In planning a test program for Silver Ghost’s next event (which was today) I discovered a problem. I made a mistake when specifying force values for the Penske shocks.
It’s a little hard to explain, but I’ll try. I did the force calculations for 3in/s shaft velocity. Then I instead told Penske to put the knees at 2.5in/s +/- 0.5 in/s. Well, Penske put the knees more or less right where I said, at 2.5in/s, and they hit the force targets for 3in/s accurately with the adjustments at a particular setting. This means I have 20% too much force at 2.5in/s at the nominal adjustment settings. (3/2.5 = 1.2)
So, instead of having 90%Critical damping at 2.5 in/s I actually have 108%Critical. The shocks are stiffer at the nominal setting than anticipated. This is what has caused no end of issues with grip and balance as it turns out that for my car, at least, 108% is definitely too much for best grip on a bumpy site.
Here’s how I screwed up, explained with the chart above.
I calculated a force at 3 in/s, let’s say it was 100lbf. (100lbf is not far from the real number on my front shocks in bump.) That’s point 1 in the chart. (These numbered point are called “knees” in the shock dyno curve.) I asked for as linear an increase as possible from zero to that point. In theory, that produces the line I’ve labeled “90%critical damping.” The force at every velocity along that line represents 90%critical damping. I did exactly the same thing for rebound.
But, when I wrote the spec, I changed that point to be at 2.5in/s, that’s point 2, and I forgot to recalculate the force for 2.5in/s. So, Penske gave me point 2, which is 100lbf at 2.5 in/s. See how the line from zero to point 2 has a steeper slope? Every point on that line turned out to represent about 108%critical damping.
What I really wanted was the line that leads from zero to point 3, which is a lesser amount of force at 2.5in/s and would lie on the original 90%critical damping line.
Also, you may notice that to the right of point 1 the almost horizontal line is significantly above the sloping line to the right of point 3. This means that for sharp bumps, which produce higher shaft velocities, the forces are also higher than they need to be. At those higher shaft velocities we want less force, not more, to give us grip over bumps. That’s why we want highly digressive shock pistons. Beyond the knee the slopes “digress” to much lower values. A horizontal line would be best, but is not achievable.

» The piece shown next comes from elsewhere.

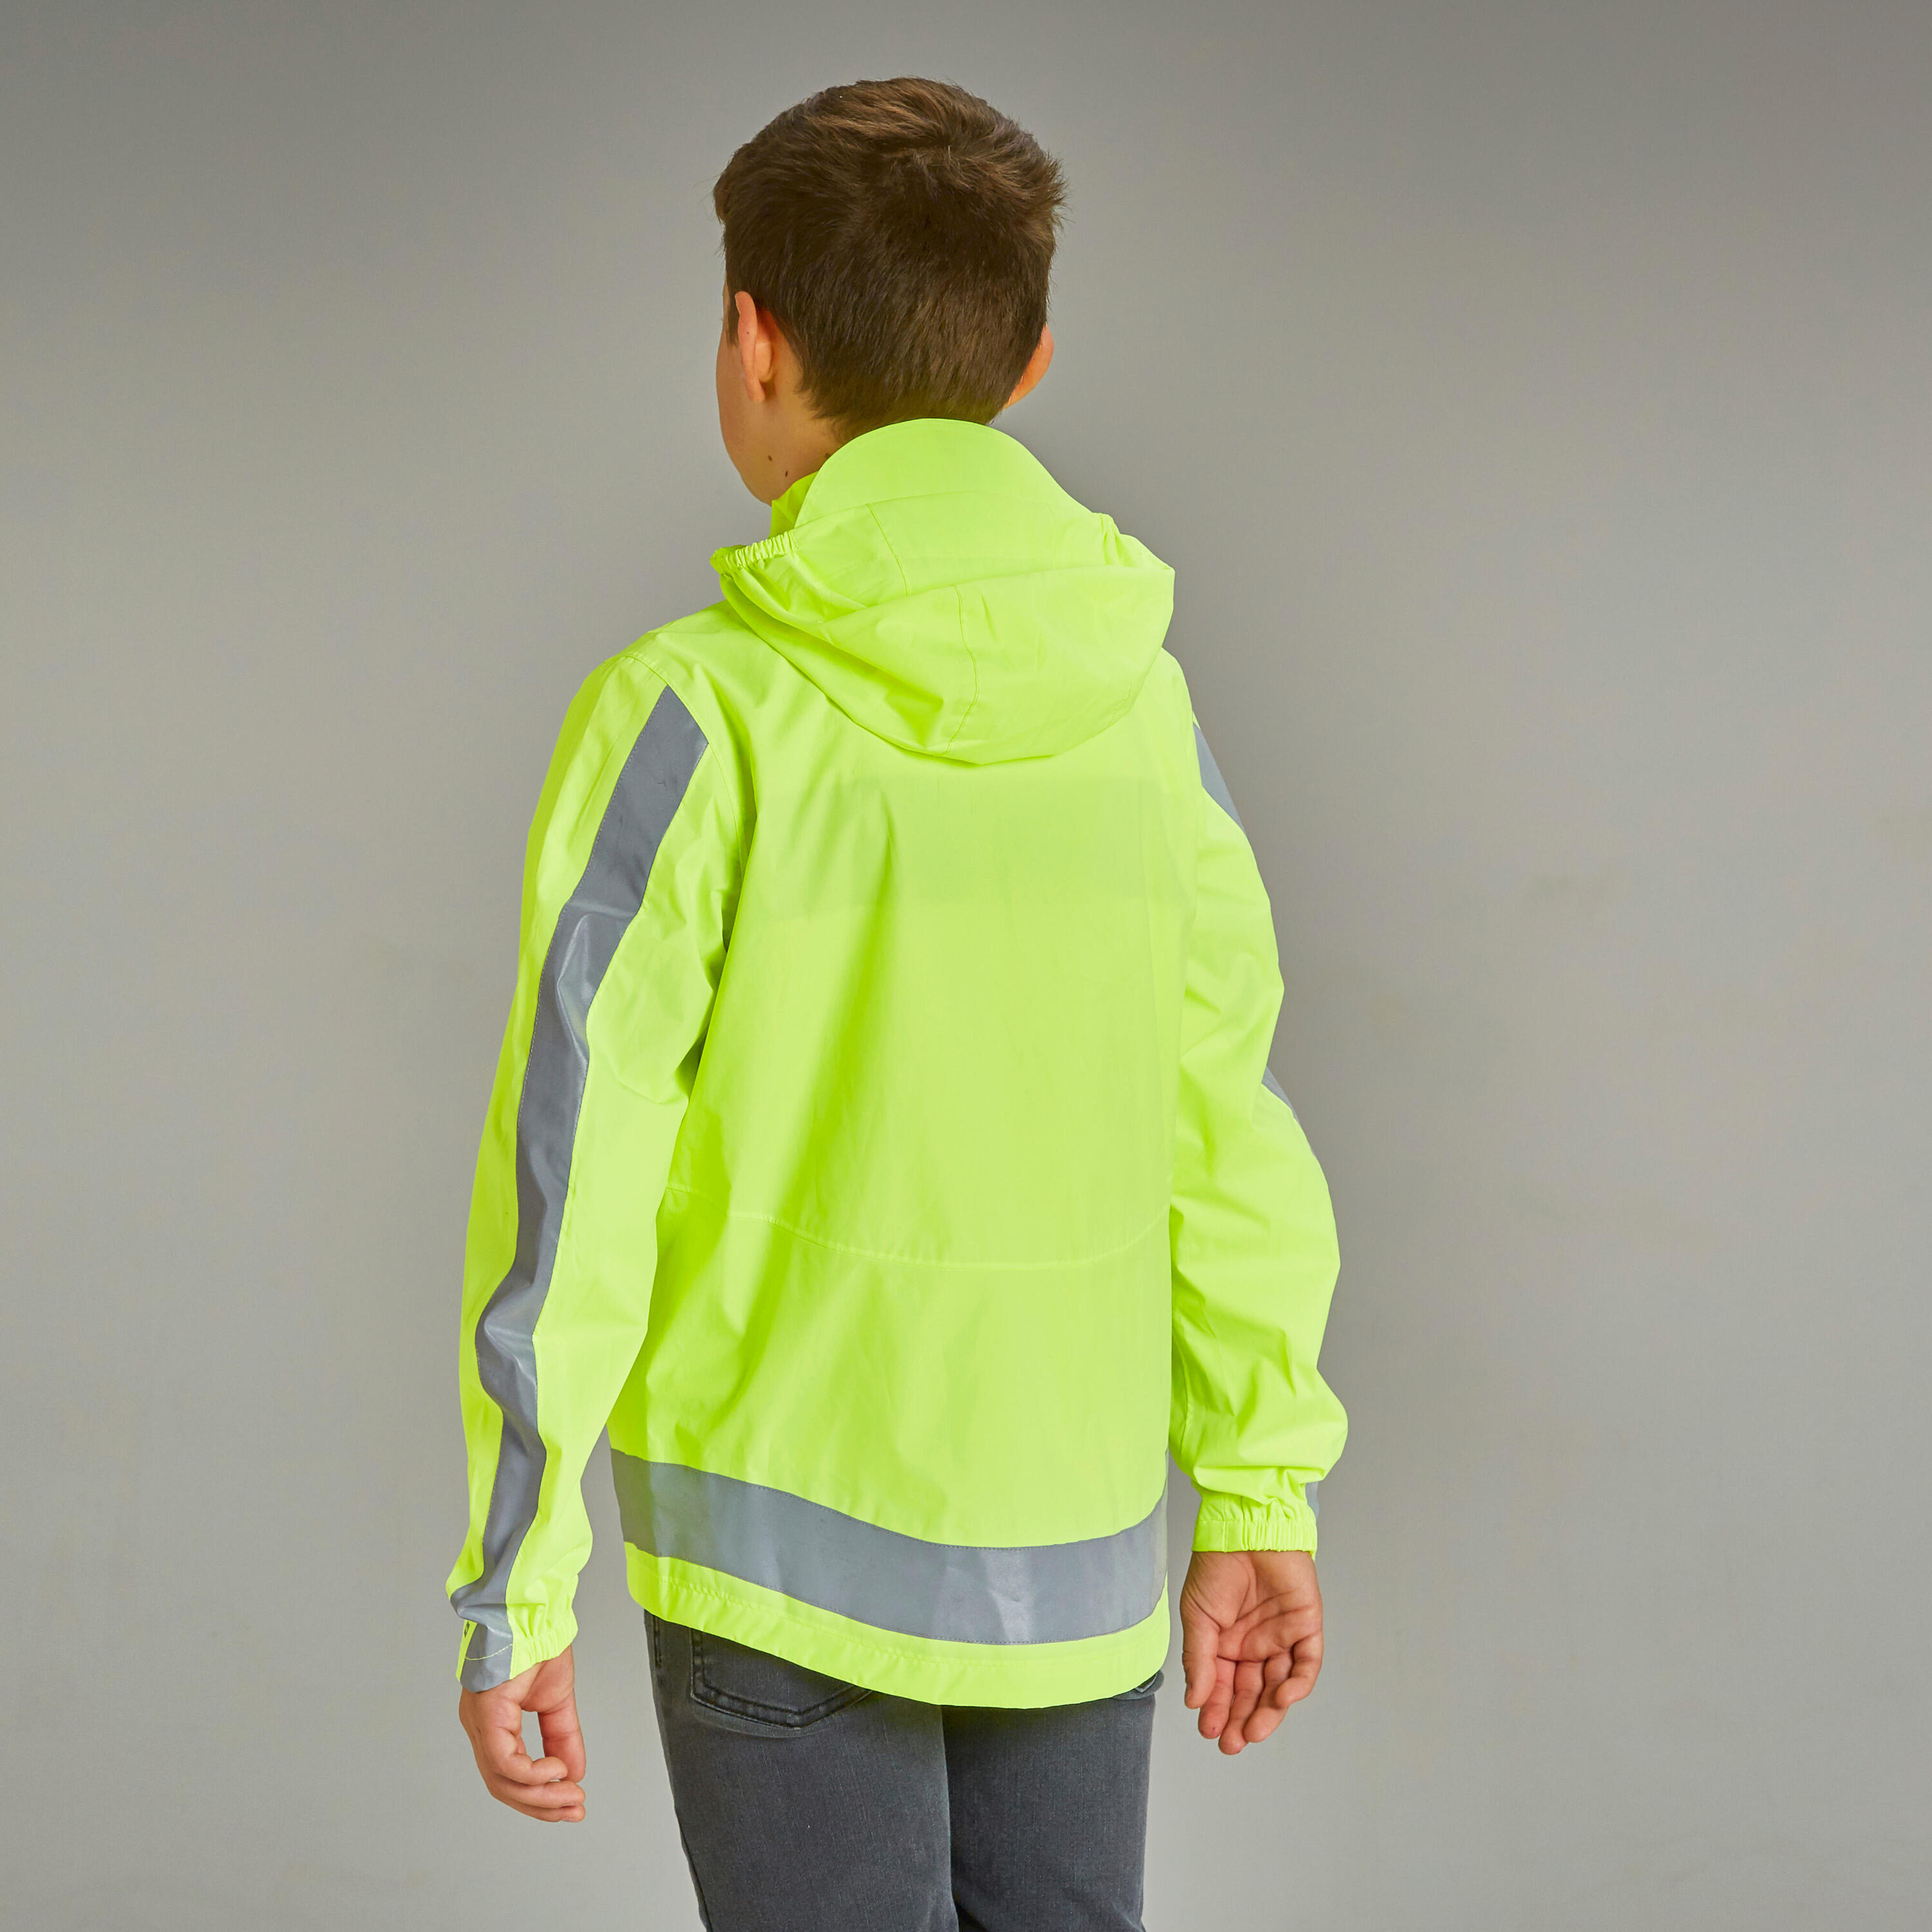 500 Kids' Waterproof Hi-Vis Cycling Jacket - Yellow 5/11

Before today’s local event I took the dyno charts and figured out what settings, front and rear, would get me back onto the 90% line and also knock down the slope of the line after the knee. I had to put bump at full soft and then reduce rebound until the total got me back on the 90% line. Then I dropped the rebound even more, down until it was equal in magnitude to bump (I didn’t want rebound to go under bump) and found that at that point I was at 83%Critical. All these numbers are approximate, by the way. What I’ve drawn in the figure above is a very simplified, idealized representation of what are really much more complex curves. To get the shocks to be really what I wanted, with some adjustment in either direction, I’ll have to have them revalved. (Maybe next year.)
That’s where we started today, at 83% with bump forces roughly equal to rebound forces, i.e. a 1 to 1 ratio. The car was soooo much better! Grip was high and it didn’t push at all, using exactly the same tire pressures on exactly the same surface that was so difficult to run on two weeks ago and one week ago at Peru. I was near the top of Pro class, much closer to the two or three really fast guys than I was 2 weeks ago.
During the lunch break I adjusted the shocks to the new 90%critical settings. I got a little push from the front tires and little more bounciness over the bumps. In the end my co-driver and I decided we liked the 83% setting on the front with the 90% setting on the rear, along with some tire pressure changes that we also tested today. That’s what we’ll use at Bristol, which is a bumpy asphalt site like our local site.